I’m preaching to myself here. For years I’ve struggled with envying a friend who is more gifted than I am. He’s a better leader, a more prolific writer, a superior linguist, and a more effective preacher. When I think like a meritocrat, I feel dispirited: He’s a better Christian. He deserves success. When I think like a charismatic, I experience freedom: He’s been given a different gift and doesn’t deserve it any more than I do. Grace—gloriously—brings liberty. What do you have that you did not receive?

I’m anticipating an objection: “Sure, our talents, to some extent, come from God, but don’t we have to do something to develop them?”

When I think of Jesus’ parable of the talents, for instance, I can’t help but answer yes. But mostly what we do is to allow God to do through us. God offers us grace. We receive it. God offers us grace. We receive it. Et cetera.

Regardless, our role in the process, when compared to God’s role, is very small—which is why we acknowledge that it’s a gift.

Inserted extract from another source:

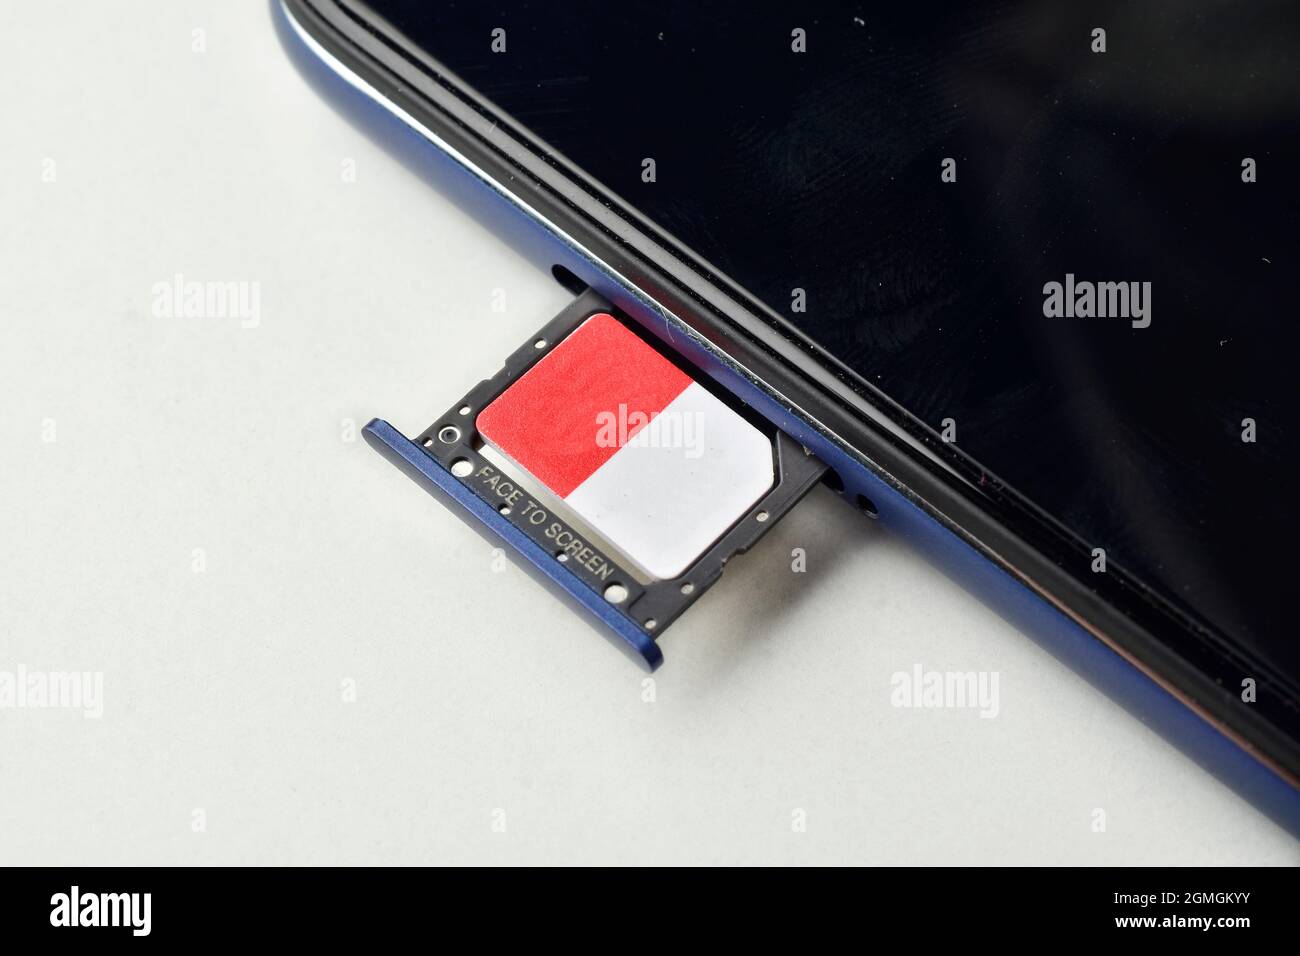 mini sim card with smartphone on white background Stock Photo - Alamy

2 Responses to ““For it is by works that you have succeeded, not by gifts””

  1. Tom Harkins Says:

    I agree that we receive gifts from God, and therefore should not “brag” as to what we, in fact, “received.” I also agree, however, with your mention of the parable of the talents (and many of the Proverbs). It can certainly be difficult to “distinguish” between what we received and what we “brought to the table.” Nonetheless, I don’t think there is anything wrong with saying, “I worked hard on that,” as opposed to (or, perhaps better, in conjunction with), “I’m gifted in that field,” or whatever. It is people who say things like, “I did it my way,” or “I’m a self-made man,” etc., who are guilty of failing to recognize that they received much of what made them a success not only from God, but the assistance of other people. I guess what I am saying, though, is that I don’t think it is always necessary for someone who just delivered a great solo that she worked hours to perfect to say, “Thank you,” to, “That was great!”, as distinct from, “Give God the glory.” In fact, if we start attributing everything we do to God, we may sometimes be besmirching his name more than the converse, such as in the example of one of my friends hearing a radio singer say, “God gave me this song,” to which my friend thought, “God must not be a very good musician!”

    • brentwhite Says:

      Some day I’m going to use your last point in a sermon illustration. 😉 I don’t really disagree with what you say here. It’s not either/or, it’s both/and. It’s our cooperation with God, who gives us these gifts. I do think that when we consider all that God has first given us—and continues to give us through the ongoing gift of life—our contribution is very small indeed. But not nothing!